Le thème de l'artiste (re)copié/transfo me va d'ailleurs revenir à trois reprises : dans « Lamente-toi, Sagesse », de Jean-Louis Trudel, c'est une musicienne qui s'est coupée les mains pour sublimer son art, et dans « Reprendre, c'est voler », Ayerdhal nous rejoue Mozart contre Salieri, variation sur le thème mode 31e siècle. Dans les trois cas, ça finit mal, Trudel et Ayerdhal menant cependant sans problème leur barque sur le rivages chargés du conte futuriste.
Autre fable, « La paix éternelle » chantée par Pierre Bordage : plus traditionnel, mais toujours aussi dépaysant épique et sensuel. La dernière mission du valeureux Kori Amos, le plus célèbre des guerriers des Nuées, atteint non sans une touche naïve une dimension mythologique rafraîchissante.
À la condition d'oublier l'anecdotique « Chaque jour est un nouveau combat » de Bernard Les Fourmis Werber (ça ressemble à de la fantasy et pas à la meilleure, et ça n'en n'est même pas), nous en arrivons aux raisons les plus fondamentales d'acquérir d'urgence l'anthologie en question : vision en cinémascope, sensorama et kinesthésitron de Jean-Marc Ligny (« Labyrinthe de la nuit »), les enquêtes du clonebuster volant de Richard Canal (« Les heureux damnés »), le jardin luxuriant et embaumé (à tous les sens du terme) de Jean-Claude Dunyach (« Le Jugement des oiseaux ») — et surtout, encore et toujours, l'extraordinaire « Nulle part à Livérion » de Serge Lehman, impossible à apprécier totalement sans avoir lu F.A.U.S.T., dont le premier et superbe tome vient de paraître au Fleuve Noir. Livérion est-il un mythe ou la réalité? Paul Coray (qui n'est autre que le père de Chan Coray, le jeune héros de F.A.U.S.T.) s'efforce de découvrir ce que les multinationales veulent lui cacher (à moins que…). La richesse, l'ampleur de la flexion et de ses racines culturelles m'ont laissés pantois. Tout cela saura-t-il vous séduire ? Sans aucun doute.

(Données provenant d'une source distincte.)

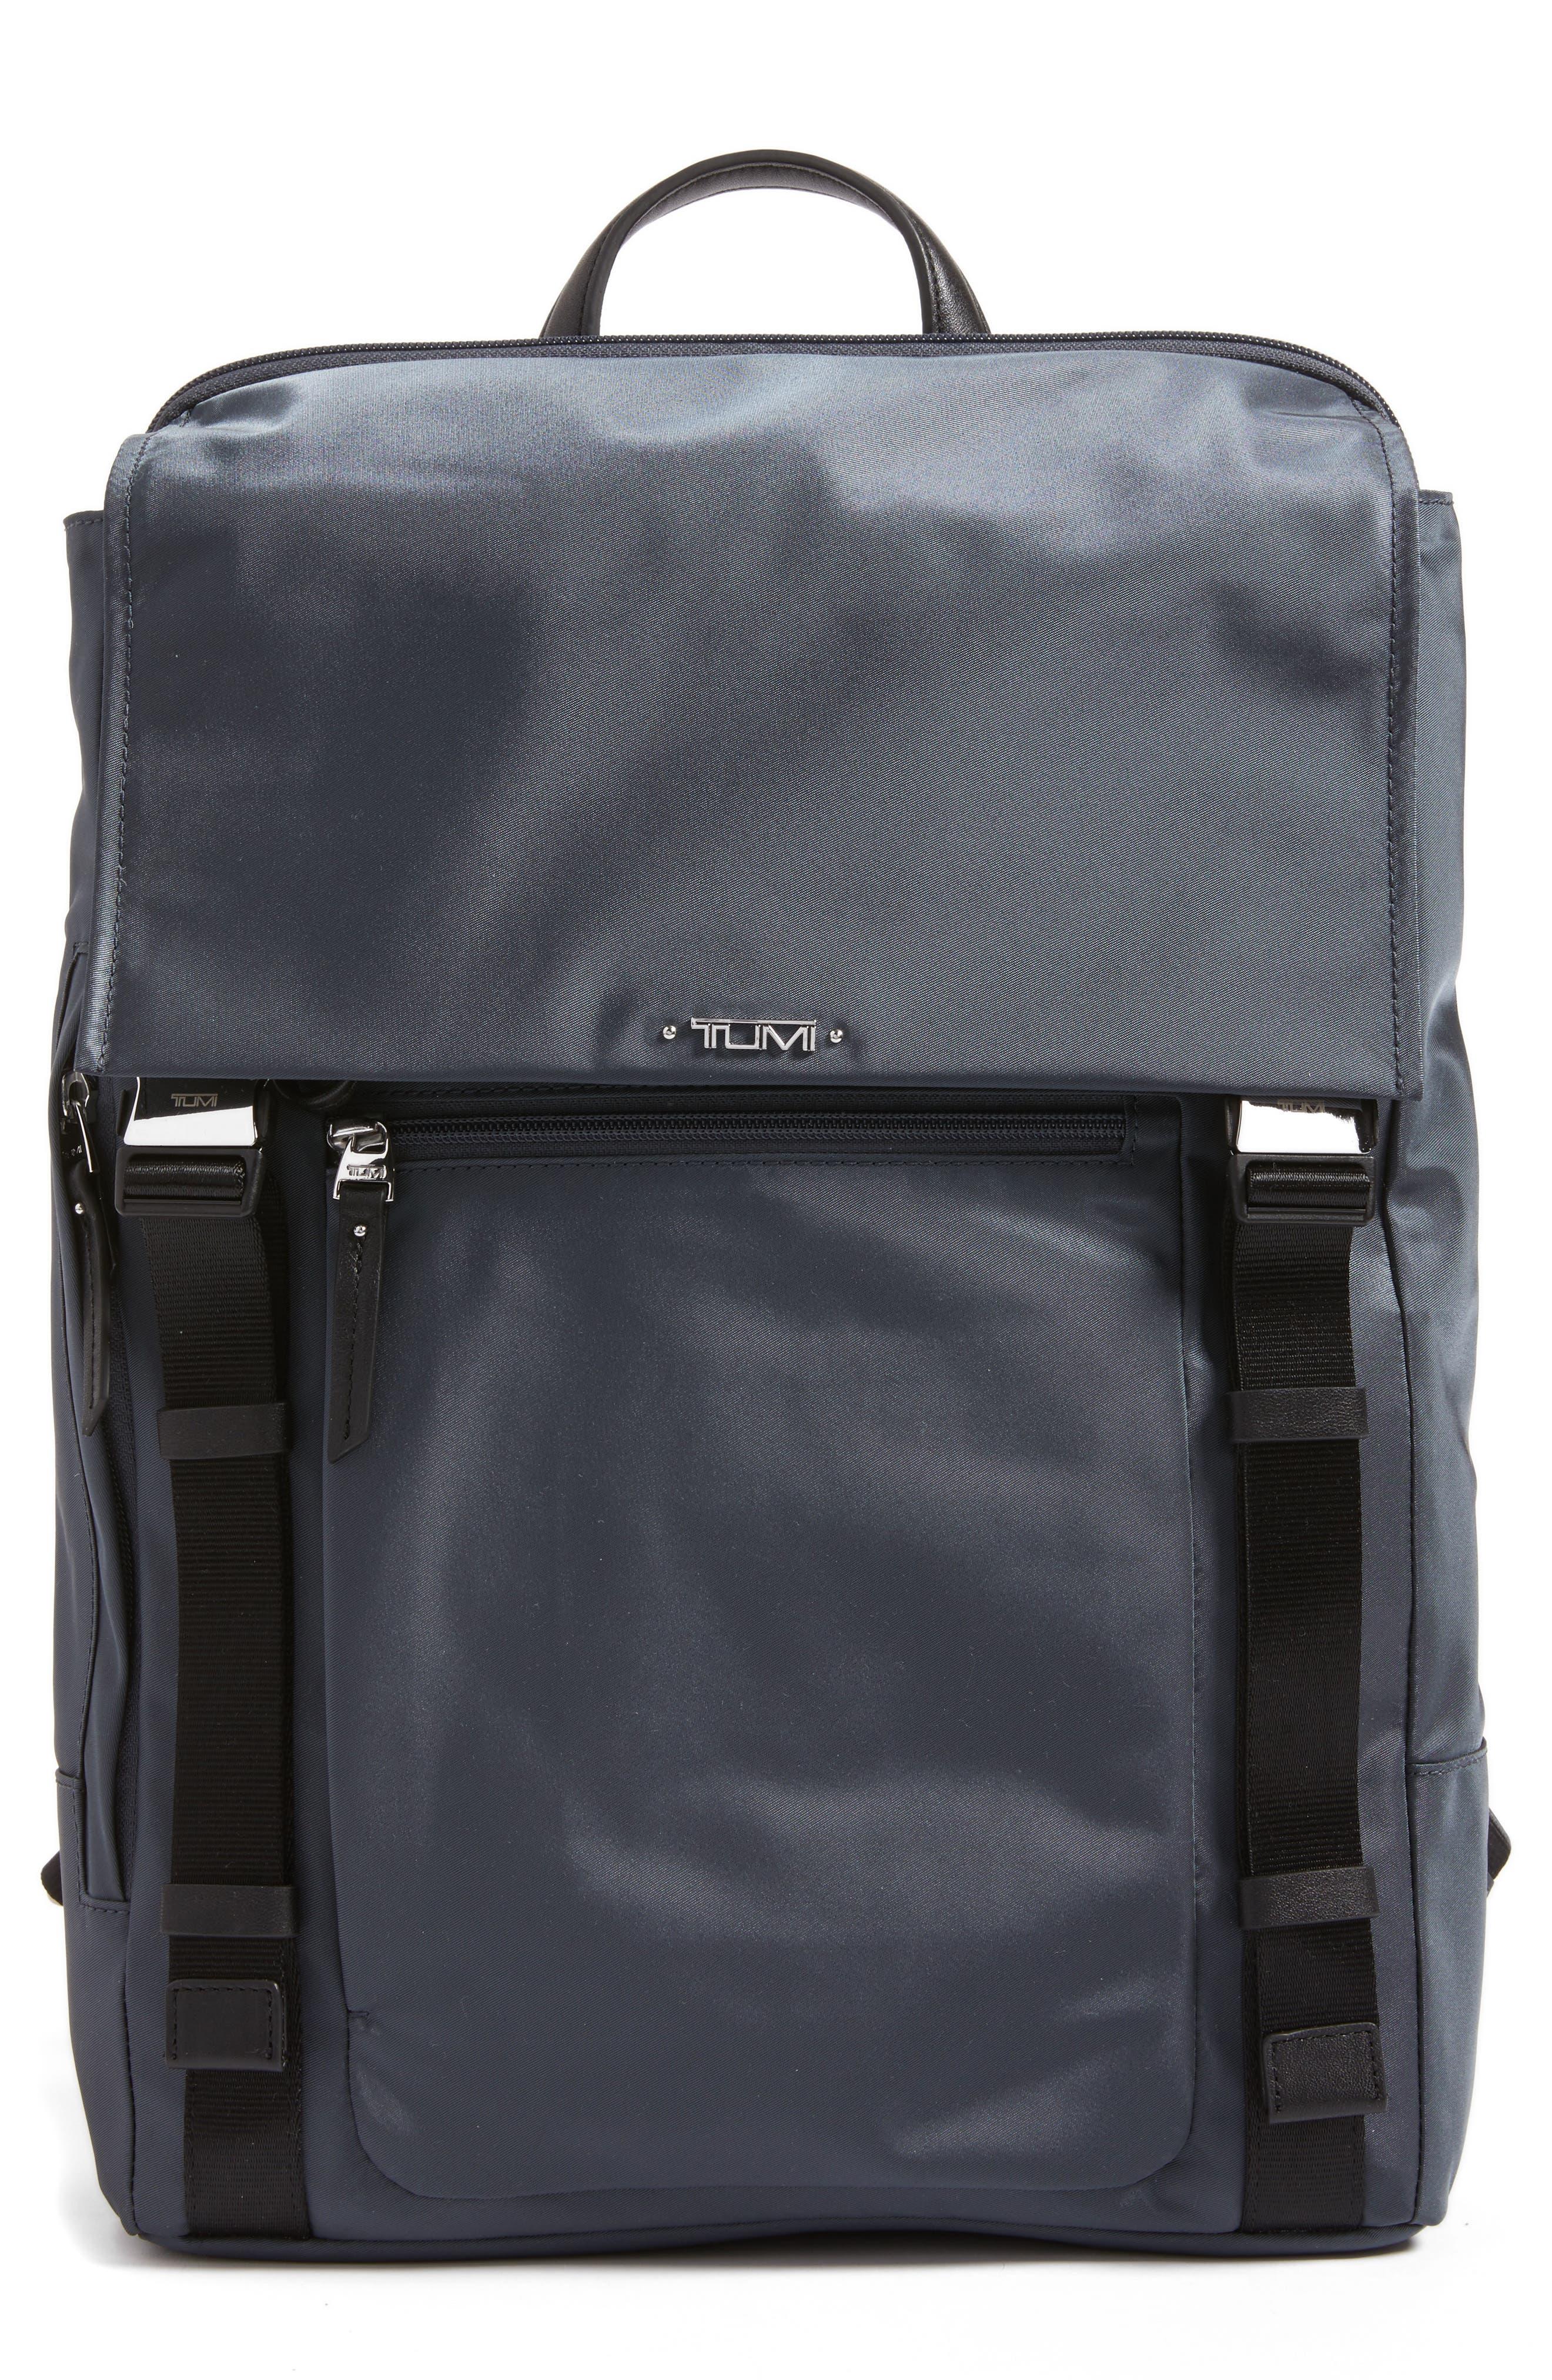 Tumi Voyageur Sacha Water Resistant Backpack

Alors, que conclure sur la « nouvelle» génération francophone ? Premier constat, anticipation rime toujours avec dépression. Sur neuf textes récents six se terminent franchement mal, trois se concluent à peu près bien pour leur héros. Second constat, anticipation rime aussi avec évasion. En écartant cette fois-ci la nouvelle de Werber qui, de toute manière, ne touche à rien, seul Serge Lehman s'intéresse au futur proche et reste en prise directe avec le XXe siècle. Si d'un côté la littérature post soixante-huitarde, aussi véhémente que lourdingue, est bien morte, on est loin de la Terre, de l'an 2000, et de la matérialisation annoncée des rêves les plus fous et les plus dangereux de l'homme : génie génétique, omnipotence sur la matière par le biais des nanotechnologies, faillite des idéologies, survie de l'écrit, de la culture, du langage humain et des libertés à l'ère de la mondialisation et du multimédia. Aucun de ces thèmes n'est le centre véritable des nouvelles de Genèses.
Bien sûr, Trudel cite incidemment les nanorobots (version améliorée du scalpel chirurgical), Ayerdhal évoque vaguement l'immortalité (voir la chute), et on parle beaucoup de clonage et d'implants cybernétiques. Mais toutes ces intrigues se concentrent sur des « petits » drames personnels d'individus d'exception (les « artistes suprêmes » semblent triompher au palmarès). Toutes ces technologies ne s'illustrent que de manière limitée, gratuite (chorégraphier des spectacles purement distractifs), et le plus souvent destructive, quand il ne s'agit pas de simple imposture.
Dernier constat, les intrigues denses, à plusieurs niveaux, rebondissements et personnages clefs, sont encore rares. Toutefois les auteurs de Genèses (Werber excepté) sont loin de se contenter d'effets de style, comme c'est bien trop souvent le cas, hélas, en matière fantastique.